Digamos que el tío Segismundo actuó como mi portal hacia otra dimensión. Es una buena analogía. Su depósito de cartón, al que podríamos llamar el residuo de su carácter, contenía libros de materias tabú aún para nuestra época. Había textos de filosofía moderna, historia de Oriente, física cuántica, ufología, viajes astrales, metempsicosis, estado del bardo, facultades parasensoriales, terapia subhipnótica y teosofía. Además de sendos ensayos, de puño y letra de mi tío, acerca de la inteligencia del Cosmos, de la decadencia del Hombre y de la agonía del mundo actual. Se imaginarán la hecatombe que produjeron en mí tales escritos, aunque lo más sorprendente fue otra cosa: su diario de vida.
Invierno
Me encandilé. Es una lástima que el hervor de la sangre, propio del entusiasmo, provoque obsesión y todas sus consecuencias. La desgastada caja de mi tío Segismundo operó en mí como un hallazgo revelador, fascinador; todo marchó de modo tan hipnótico que me aislé del mundo exterior, dejé de asistir a mis clases de la universidad y reprobé un par de ramos.
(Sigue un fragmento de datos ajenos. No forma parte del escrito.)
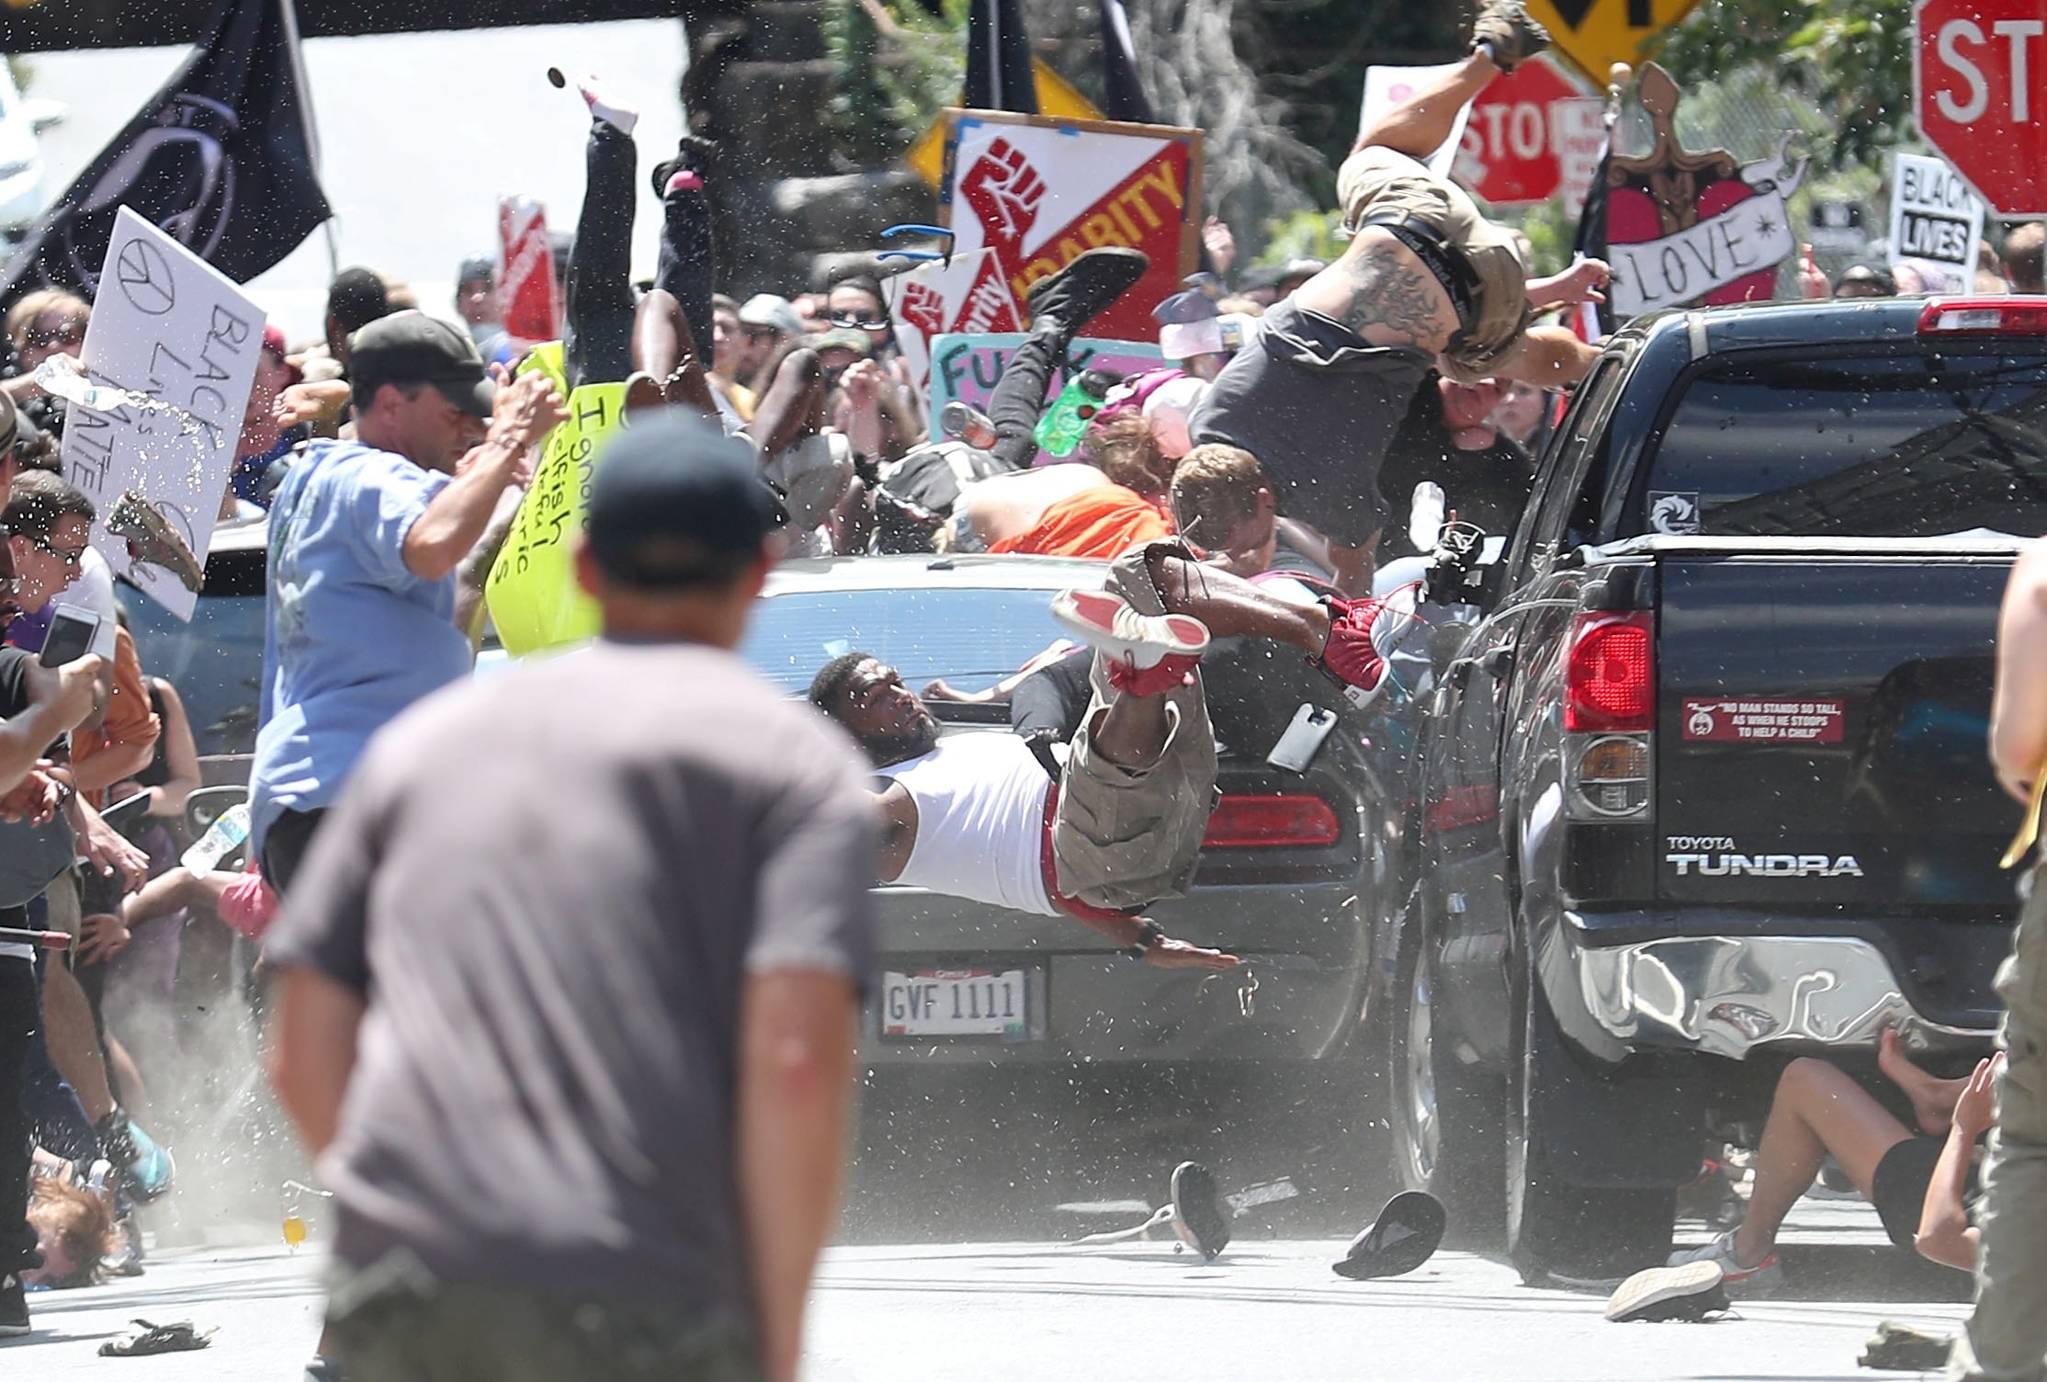 Ryan Kelly of The Daily Progress은 시위 사진으로 브레이킹 뉴스 사진 부문에 선정됐다. 지난해 미국 버지니아 주 샤롯츠 빌 시내 몰의 NE 4번가를 행진하는 시위대를 향해 차량이 돌진해 충돌한 시민들이 날아가고 있다. [EPA=연합뉴스]

Lo único que hacía era devorar textos que me remecían; por ejemplo, los ensayos escritos por mi tío, ensayos en que se repetía la idea de que nos hemos sostenido en visionarios que abrigaron la angustia de estos espacios infinitos, gente que concibió que vivimos un capítulo primario de la historia, una historia cuyos bestiales y obtusos personajes quizá nunca permitan su apogeo. Asimismo, los libros relativos a los planos del universo y a la intervención que la conciencia del hombre puede alcanzar en ellos, de intentarlo, me volaron la mente. Incluso hallé unas obras muy arcaicas y enigmáticas que me requirieron varios días de investigación, ya que estaban escritas en un idioma nuevo para mí (después supe que era sánscrito).
Había leído cerca de la mitad del material de la caja cuando me encontré con su diario de vida. Se trataba de un cuaderno con fechas esporádicas que iban desde 1972 hasta 1987. Su lectura era dificultosa; la caligrafía de mi tío era apresurada y el escrito estaba atestado de garabatos, diseños y apuntes con letra chica en torno al cuerpo principal de cada página, como si cada jornada hubiese sido redactada producto de un impulso incontenible. No quise leerlo de una sola vez, de rebato, sino que me di el tiempo de intercalarlo con otros textos; la idea era procesarlo, reflexionarlo, interpretarlo. Siendo honesto, quedé pasmado: su vida era fascinante, no precisamente por lo aventurera o novelesca, sino que por la complejidad de su carácter y lo que ello trajo consigo. Por medio del diario de vida, comprendí que mi tío Segismundo nunca transigió del todo con lo que le mostraban, de modo que emprendió una suerte de búsqueda mística algo errática, colmada de cuestionamientos existenciales y metafísicos.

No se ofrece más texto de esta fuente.